Key to this: you do not need to include children.

If you want to have a good time this holiday season, you shouldn’t invite children. This will seem anathema to some folks. No children at holiday events? Let alone Christmas? The madness!

But what is true madness is inviting children into one’s home and expecting them not to behave atrociously and ruin all the damn festivities. To be clear, I’m not saying that you should exclude your own children. If they’re your kids, you can’t eliminate them from the equation. Not ethically or legally. What you have to do is keep other people’s children away. This can be difficult. As you get older, more and more of your friends and family members will make the mistake of having children, and they will commit the offense of forcing those children’s presence upon you. It will be taken for granted that their children are welcome at events and gatherings. It is therefore incumbent upon you, as host of these gatherings and events, to make clear that they are in fact not welcome.

This can be a difficult thing to do. Many might take offense at being told that they cannot bring their semi-sentient, narcissistic, independently-ambulatory appendages with them everywhere they go. But they need to understand that they cannot, not if they are going into your damn house.

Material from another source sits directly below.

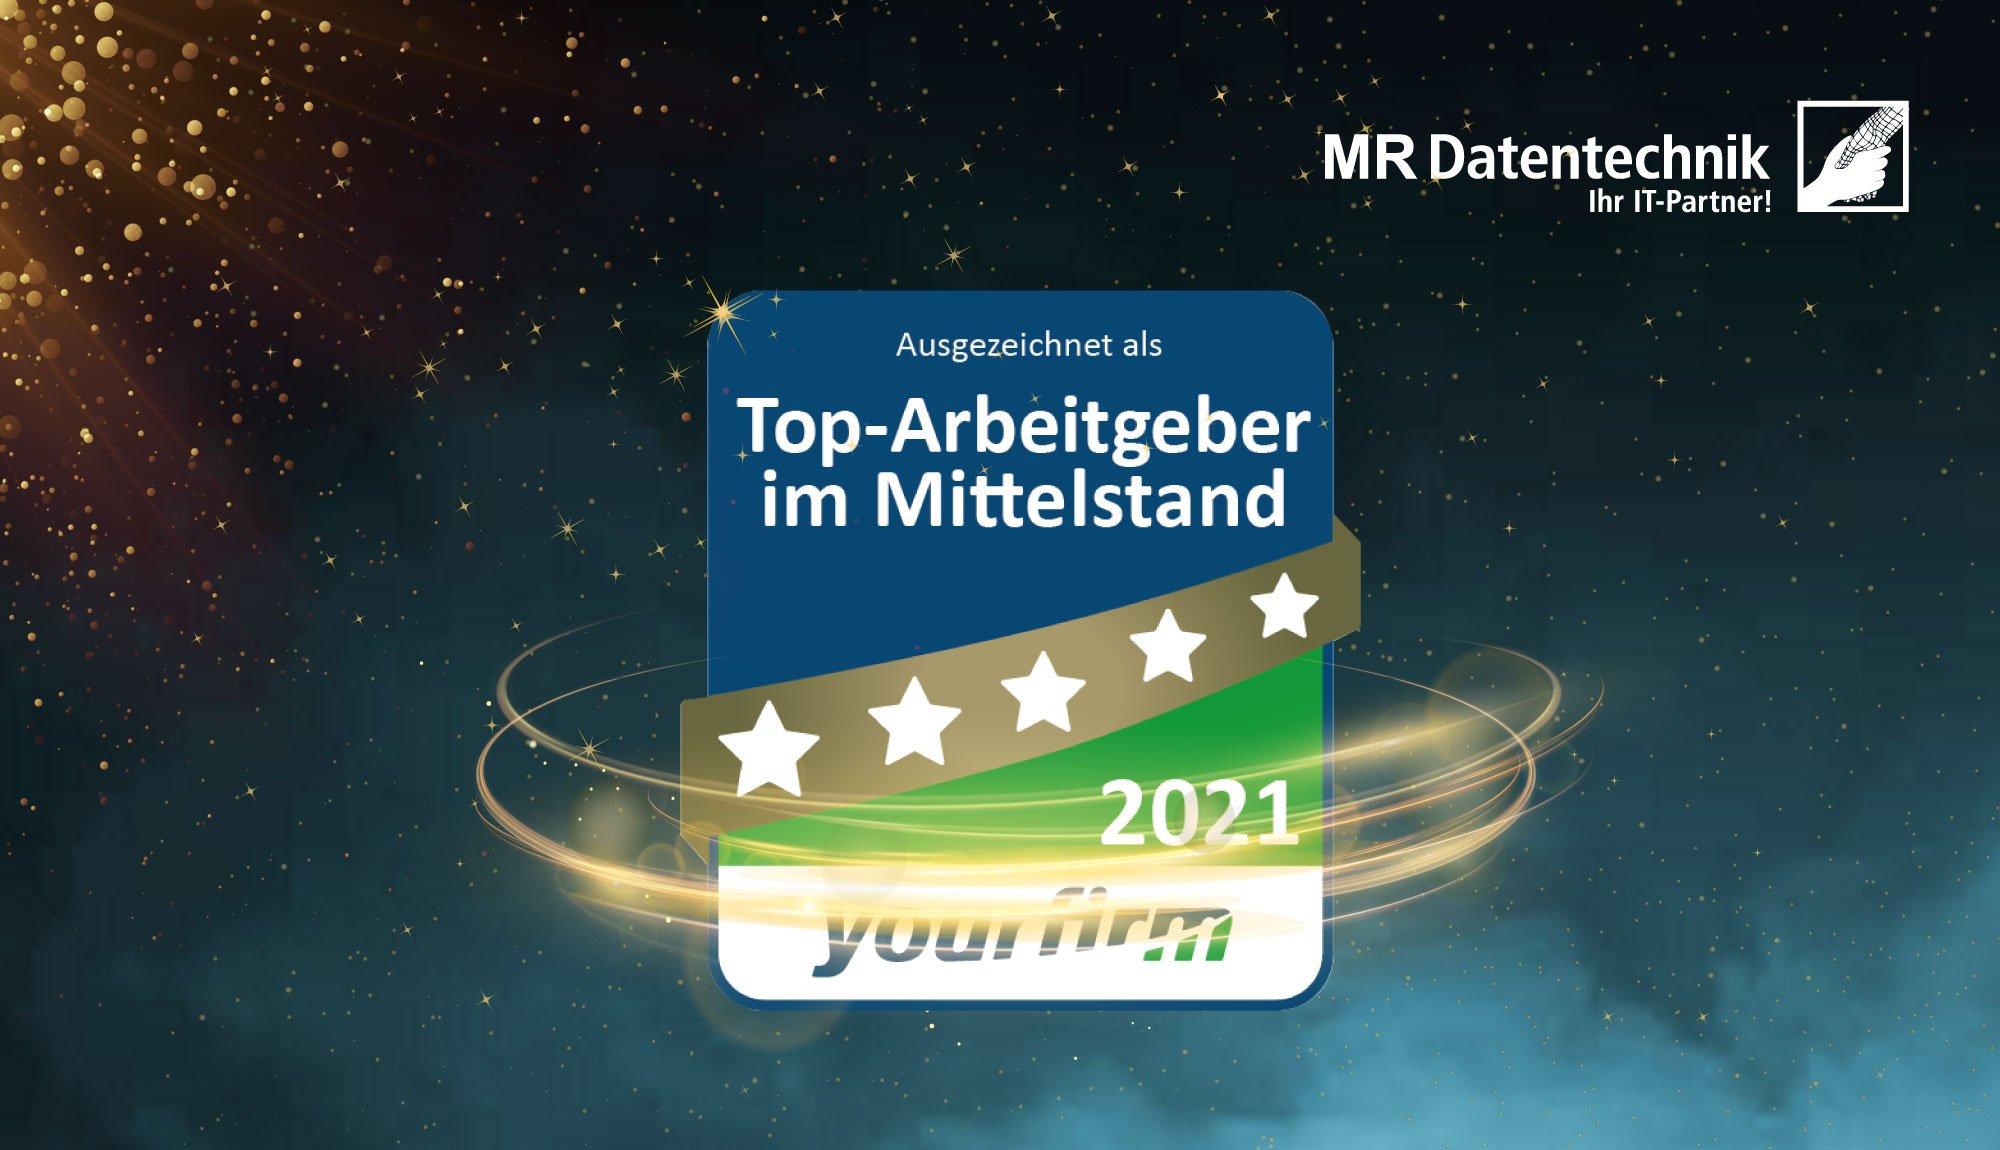 MR Datentechnik ist Top-Arbeitgeber 2021 Siegel

Yours is a fine, child-free house. It is clean and orderly. It has nice things, some of them quite expensive. The average child is suited only for padded shacks of squalor. Your home is too good for them and unprepared for their selfish ravages. Your fine wood coffee table is not made to have blocks and other hard objects banged on and dented into it. Your enormous high-definition television will not appreciate having mucus, spittle, and greasy handprints left on its priorly pristine screen. Your ornaments, decorations, and collectibles, some of them rare, acquired over years of world travel, and sometimes at considerable expense, are not intended to be played with, especially not by the indelicate hands of malicious toddlers. And your impeccably decorated Christmas tree may never fully recover after the greedy and uncaring hand of a poorly trained child takes hold of one of its branches and pulls it crashing to the floor.

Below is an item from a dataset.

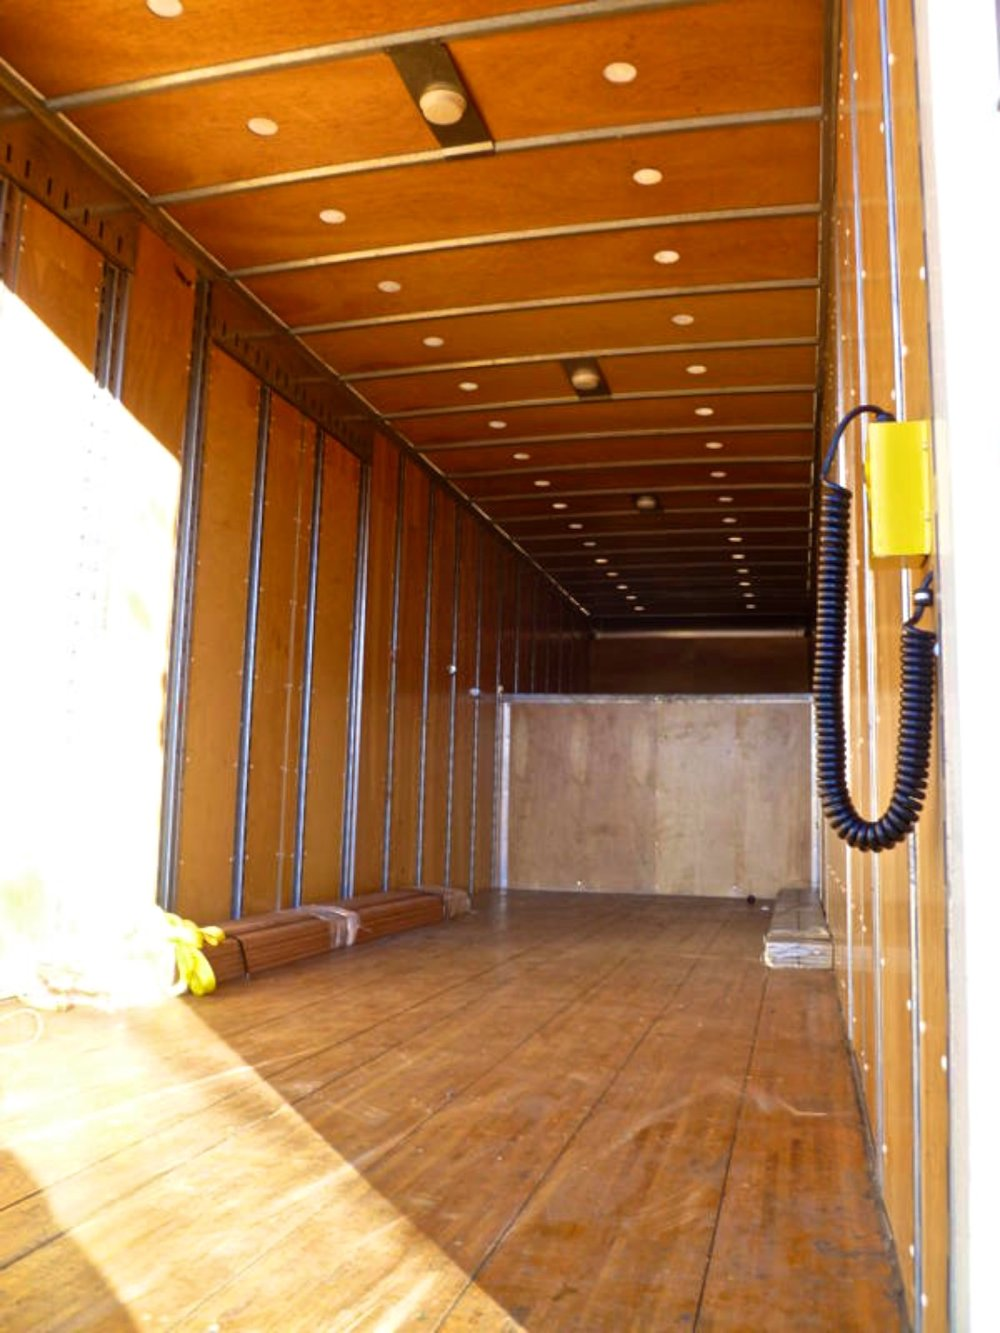 Cargo Cupola web 4344.jpg

The problem, as with many child-related problems, is not of the children themselves. Children are too stupid and ignorant, or “innocent,” to be held accountable for the reckless and destructive consequences of their inexplicable, self-centered actions. It is the parents that are to blame. And they should know this. If they do not train their children to behave decently, or adequately supervise their behavior to prevent unacceptable actions, then they are hardly qualified to be parents. They certainly have not earned the right to bring their children into nice places around decent folk. Unless and until such time that they are able to be responsible and respectful on behalf of their terrible children, they and their children both are not welcome.